I recommend (and translate into English for the reader's benefit) this
column by Manuel Vicent, featured in El País on Sunday, 7
October 2012, and which you may read in its Spanish original here.
Pantheism
by Manuel Vicent
Thus spoke Spinoza’s God: ‘Stop praying, enjoy life, work,
sing and have fun with everything I have made for you. My house is not in those
gloomy, dark, cold temples you have built yourselves, and which you call my
abode. My house is in the hills, in the rivers, lakes and beaches. This is
where I live. Stop blaming me for your wretched life. I never said you were
sinners, or that your sexuality was wrong. Sex is a gift I have given unto you,
so that you can express your love, your ecstasy, your happiness. Do not blame
me for what they have made you believe. Do not read religious books. Read me in
the dawn, in the landscape, in your friends’ gaze, in the eyes of a child. Stop
being afraid of me. Stop asking me for forgiveness. I gave you myriad passions,
pleasures, feelings, free choice. Why would I punish you, if it is I that
created you? Forget the commandments, which are mere tricks in order to
manipulate you. I cannot tell you whether there is an afterlife. Just live as
if there were none, as if this were the only opportunity to love, to exist.

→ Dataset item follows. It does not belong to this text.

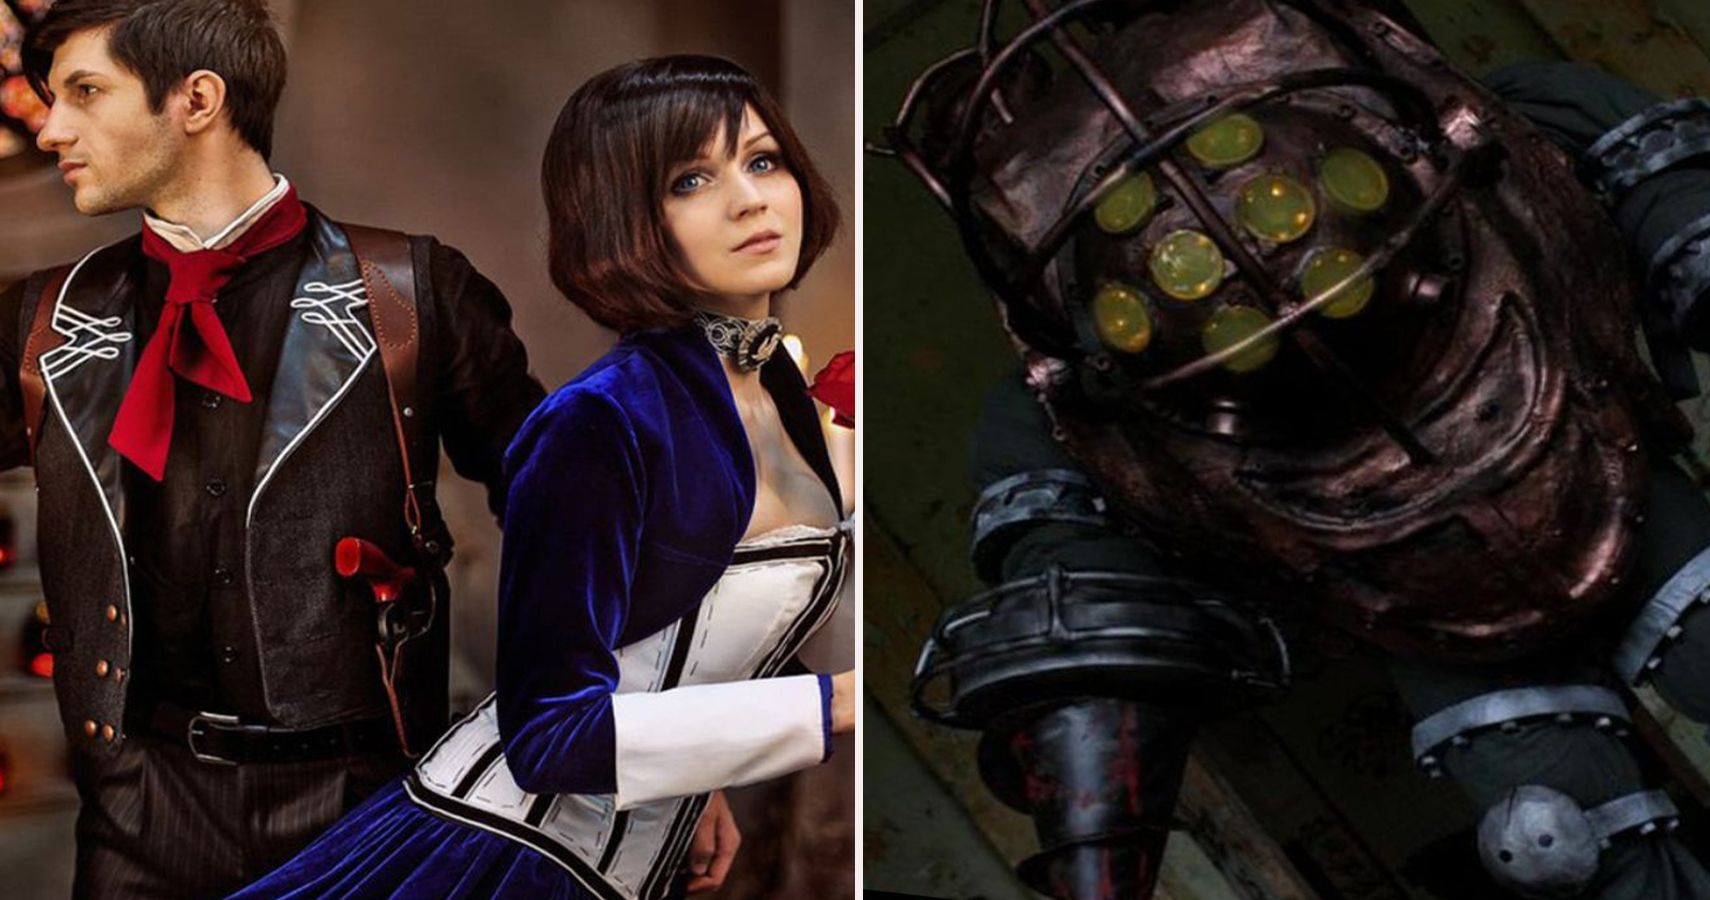 My Elizabeth cosplay vs character - Bioshock Infinite : r/gaming
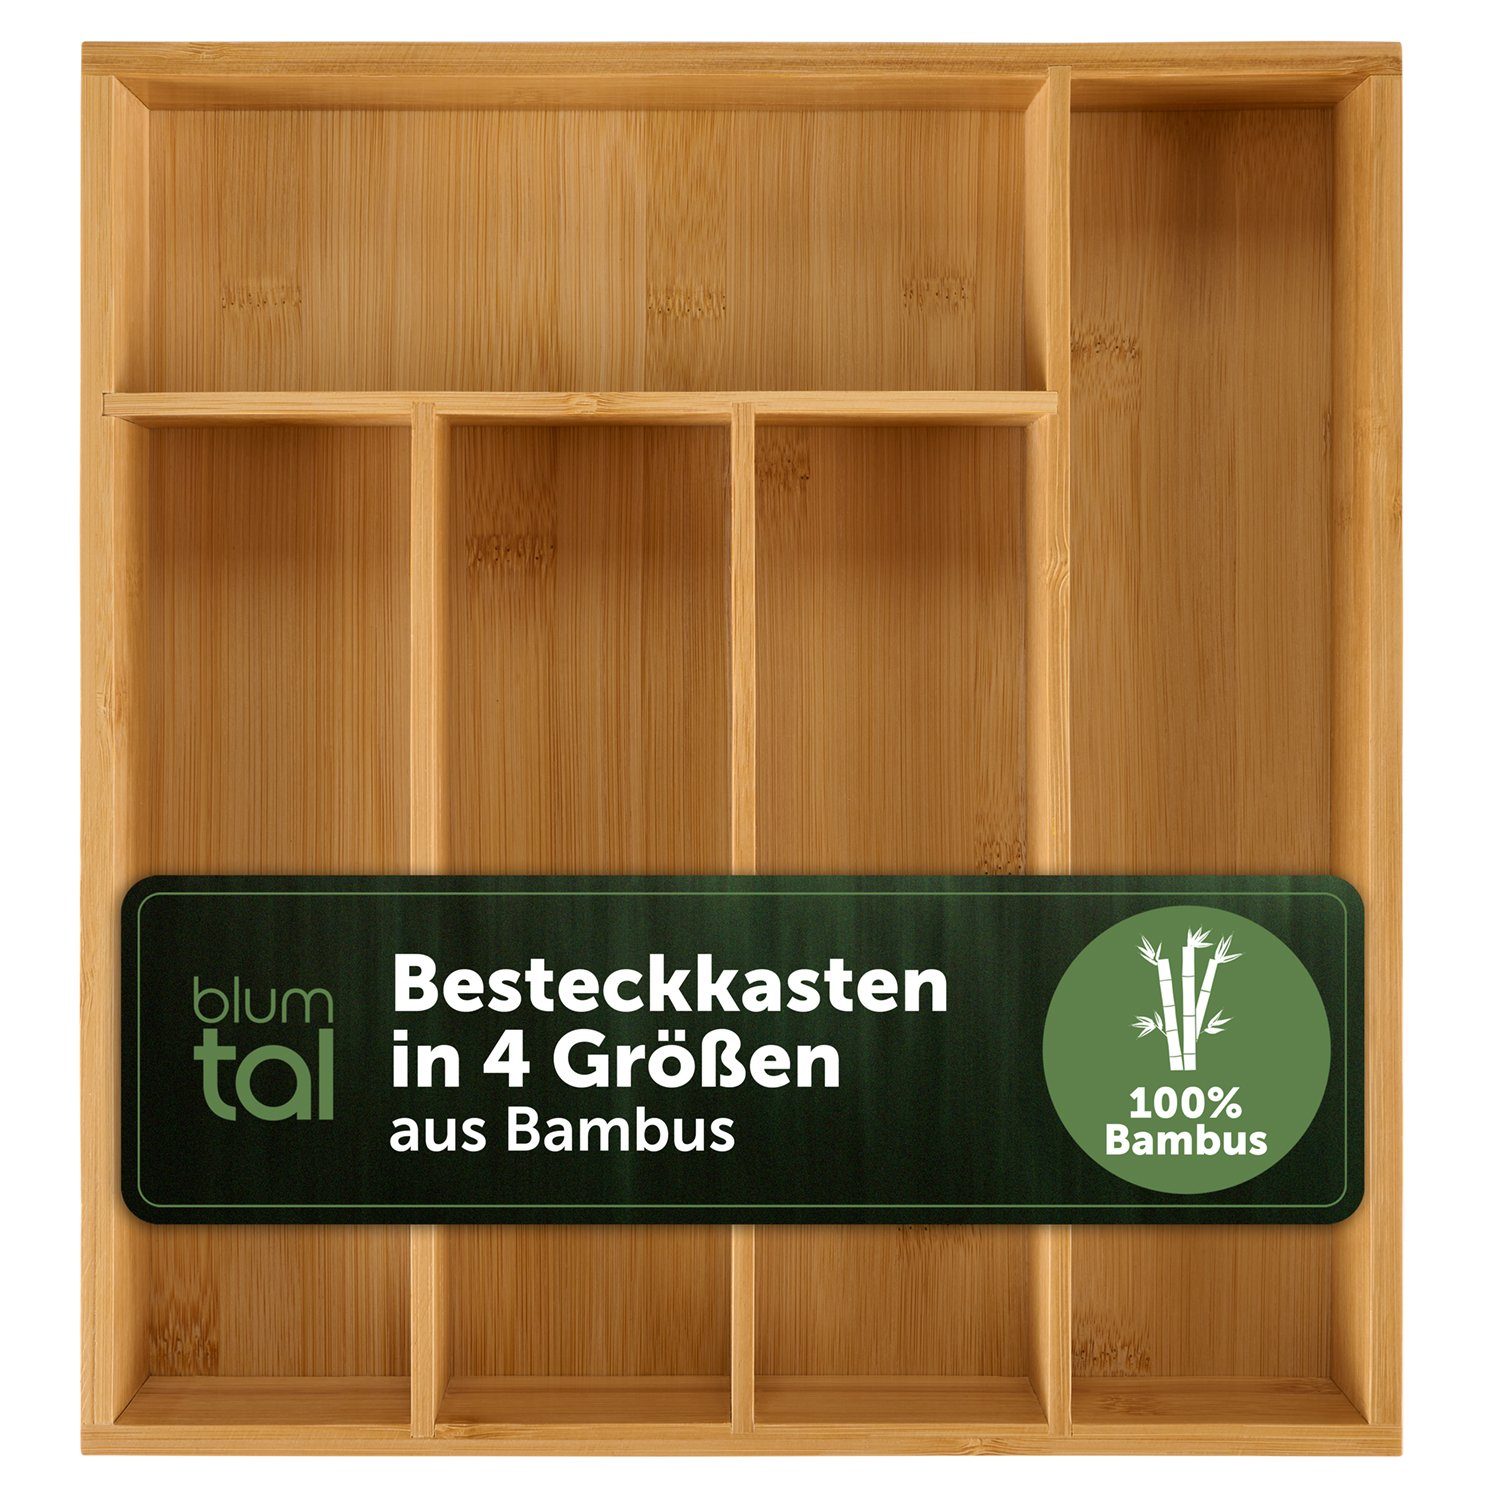 Blumtal Besteckkasten Küchenschubladen Einlagen - Bambus Besteckkasten für Schubladen (mit 4 oder 5 Fächern als Organizer für Besteck und Haushaltsartikel), leicht abwischbar, Besteckeinsatz passend für IKEA Maximera | Besteckeinsätze

Stop believing in me. I want you to feel me whenever you kiss your loved one, whenever
you stroke your dog, whenever you bathe in the sea. Stop praising me. I am not so
egocentric’.
Thus spoke the imaginary God of the 17th-century Sephardic
pantheist philosopher, Baruch Spinoza, the founder of a mystic school that
hippies, gurus, pumpkin-seed sellers and other prophets of modern spirituality
have fed upon. Now, if there were a God who was an aesthete and became visible,
we might demand an explanation for the sorrow of so many innocents, the
millions of children who starve to death, the violent depravation so many men
subject women to, the killing instinct that human beings seem to own, engraved deep
inside them. Spinoza’s God flows over the green valleys, It flies over the
snow-capped peaks, It is indistinct from an unpolluted river, It is present in
dolphins, in children’s laughter.
Yet evil does not fit into such beauty. This God tells us to
stop asking It for things. ‘Are you telling me how I should do my Work? I am but
pure love’. Therefore, It will have to explain to us why, everywhere one looks in
this wretched world, one finds nothing but evil, wars, moral junk, the tears
and the blood of the innocent, blood which makes the rivers and the seas, too.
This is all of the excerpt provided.